Я удивился, услышав его откровенные слова. Видимо, обсуждали они с воеводой сложившееся положение, так как тот выслушал старца спокойно и сказал:
— Присядемте, господа хорошие, за стол… Отче… Степан Тимофеевич…
Обеды на Руси в богатых домах были такие обильные и сытные, что я наедался с «двух ложек», но научился растягивать удовольствие часа на два. У себя дома я ограничивал меню «первым, вторым и третьим». Правда и то и другое и третье в завтрак, обед и ужин было разным. На пирах же все изыски стояли на одном столе и стол, в буквальном смысле, ломился. Перечислить все яства, возможности нет никакой. Всё равно что-то, да упустишь.
Привезённое мной вино было вкусным и правильно приготовленным, потому быстро развязало языки и я узнал, что ничего ещё на соборе не решено и что старообрядцы, в общем-то, побеждают. Может, то что они давно готовились к предсказанному мной пятнадцать лет назад расколу, то ли то, что Никон, действительно покаялся в содеянном и осудил «греческие новины». Оттого и призвали греческих патриархов. Но какие они были греческие, одному мне в этом мире было известно. Все ни в буквальном смысле подчинялись Римскому Папе и отчитывались перед ним о совращении Русской церкви в письменном виде, прости Господи. И я читал, в своё время, эти письма в Рим. Но никому ведь сейчас не скажешь об этом! Хотя…А почему, нет?
— Слышал я, что патриарх Антиохийский по дороге в Москву индульгенциями торгует? — спросил я. — И так успешно торгует, по рублю за штуку, что уже и распродал всё разрешённое количество до въезда в Москву. Сейчас снова выпросил у царя разрешение выпустить бумаги. В печатном дворе оттиски готовят. Правду говорят?
— Правду, — ответил, вздыхая старец.
— Не уж то? — удивился воевода. — Индульгенции, это же — римская выдумка?
— Римская, — согласился епископ. — Так и что? Все они, патриархи эти, под Римской рукой.
— Индульгенции — это же ересь! — воскликнул воевода.
— А я тебе что, говорю, говорю, — снова вздохнул епископ.
— Так, они здесь таких делов наворотят, — задумчиво проговорил воевода.

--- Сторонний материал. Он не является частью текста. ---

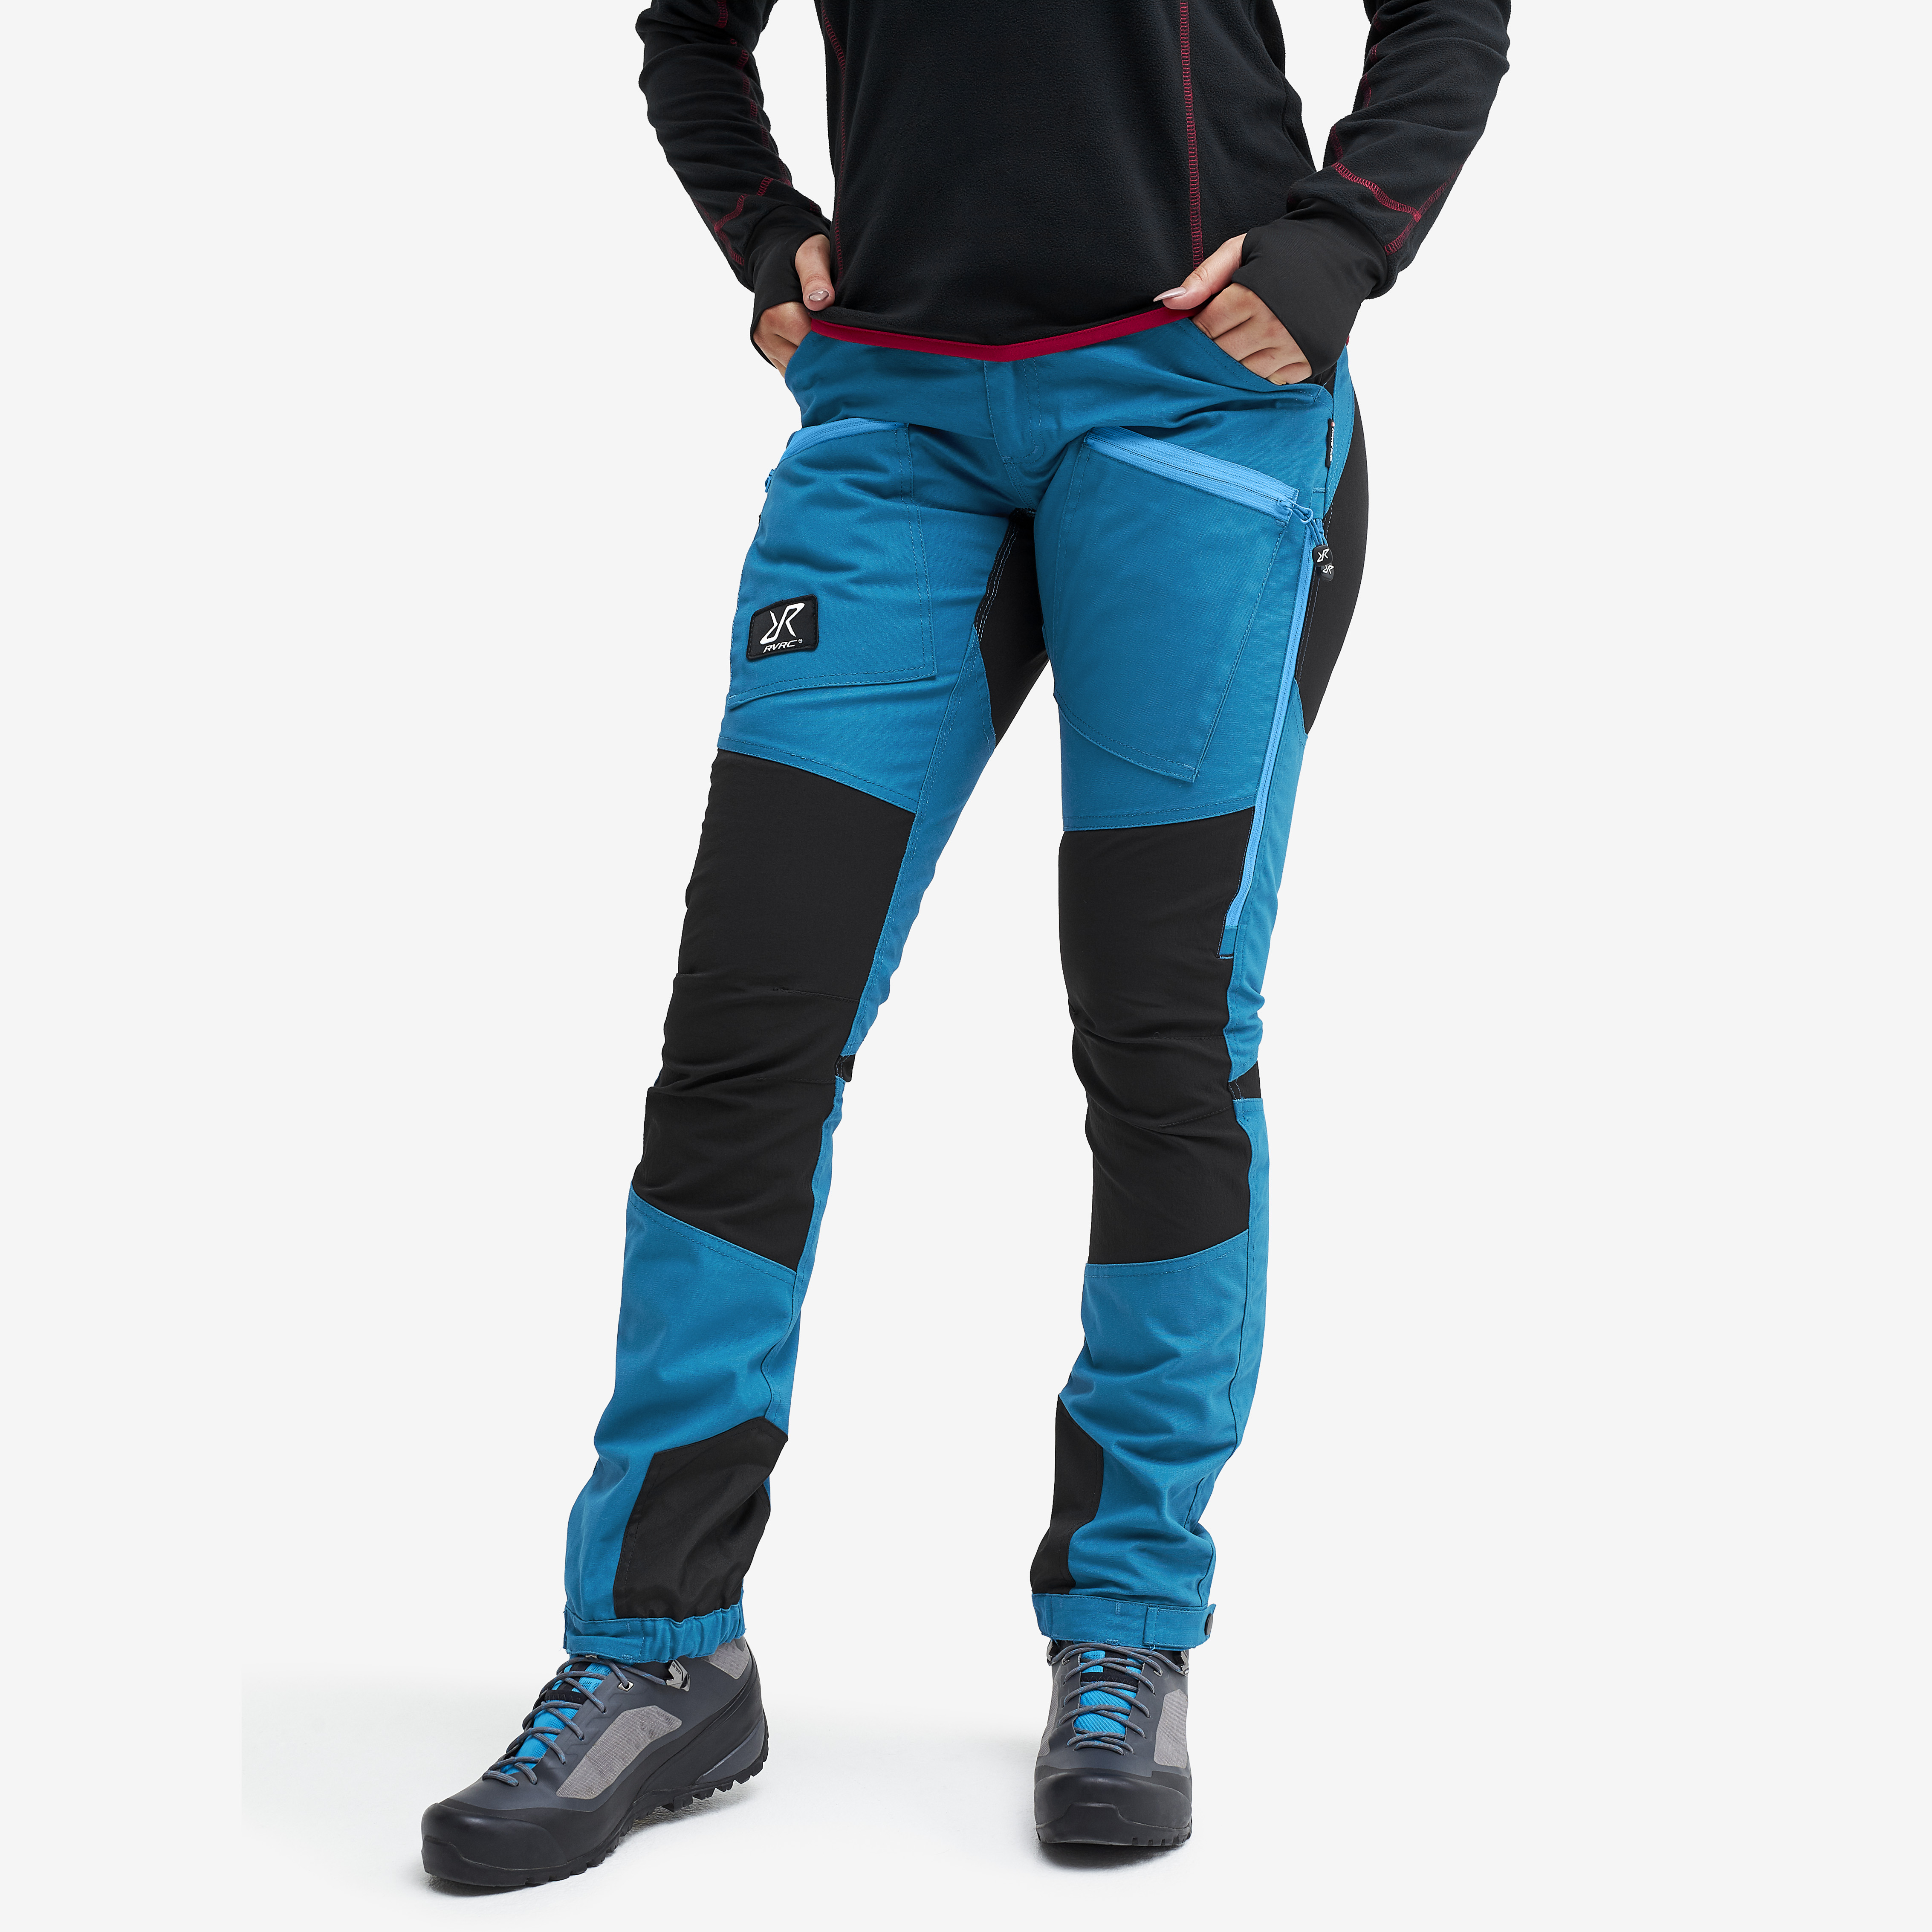 Nordwand Pro hiking trousers for women in blue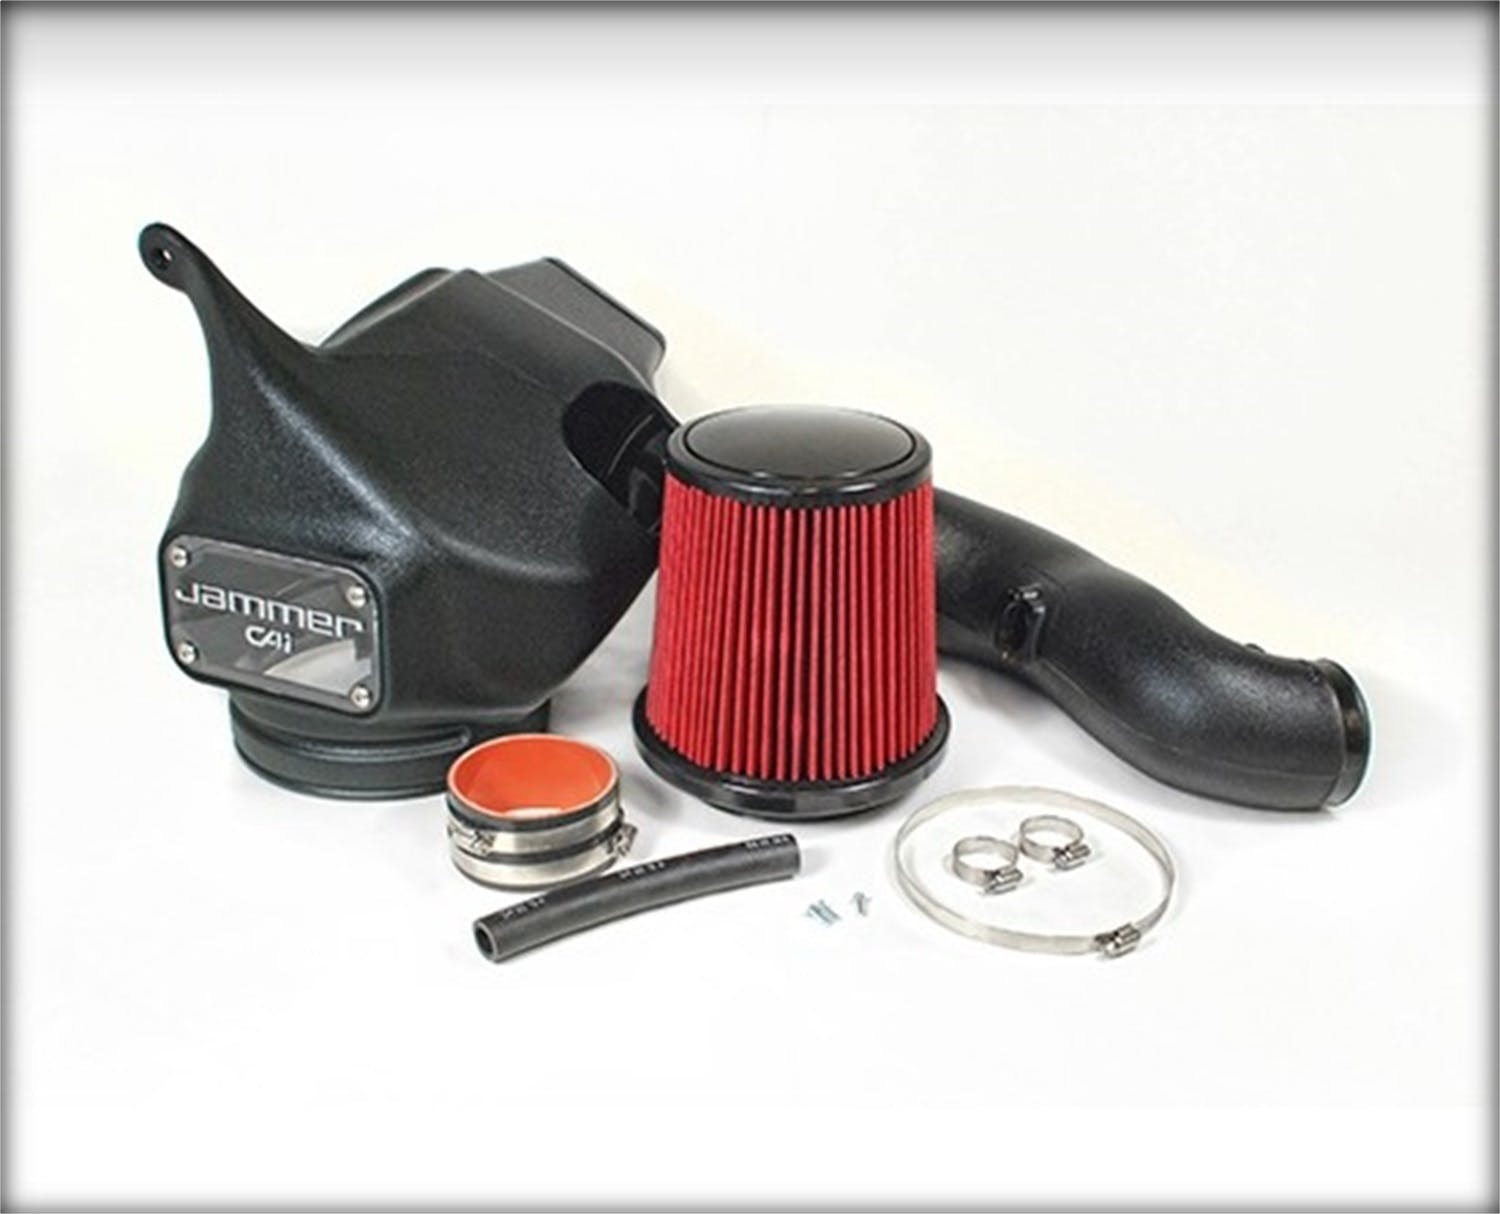 Edge Products 38255 Intake,Jammer,Ram,2013-2017 6.7L

— Суд над Никоном будет и над всеми несогласными, — проговорил я. — Никона низложат, изберут другого патриарха, всех несогласных предадут анафеме. Беги, отче, пока не замарали тебя.
Долго и молча смотрел на меня епископ, но потом в который уже раз тяжело вздохнул и сказал:
— Чему быть, того не миновать, Стёпушка.
[1] Братья Франциск и Доминик Пиццигани (итал. Francesco, Dominic Pizigani / Pizigano) — венецианские картографы XIV века.
[2] Фра Ма́уро или Мавро (итал. Fra Mauro, 1385—1459) — венецианский монах ордена камальдулов, подвизавшийся в монастыре св. Михаила[англ.] в Мурано и картограф портуланов и mappa mundi Итальянской картографической школы.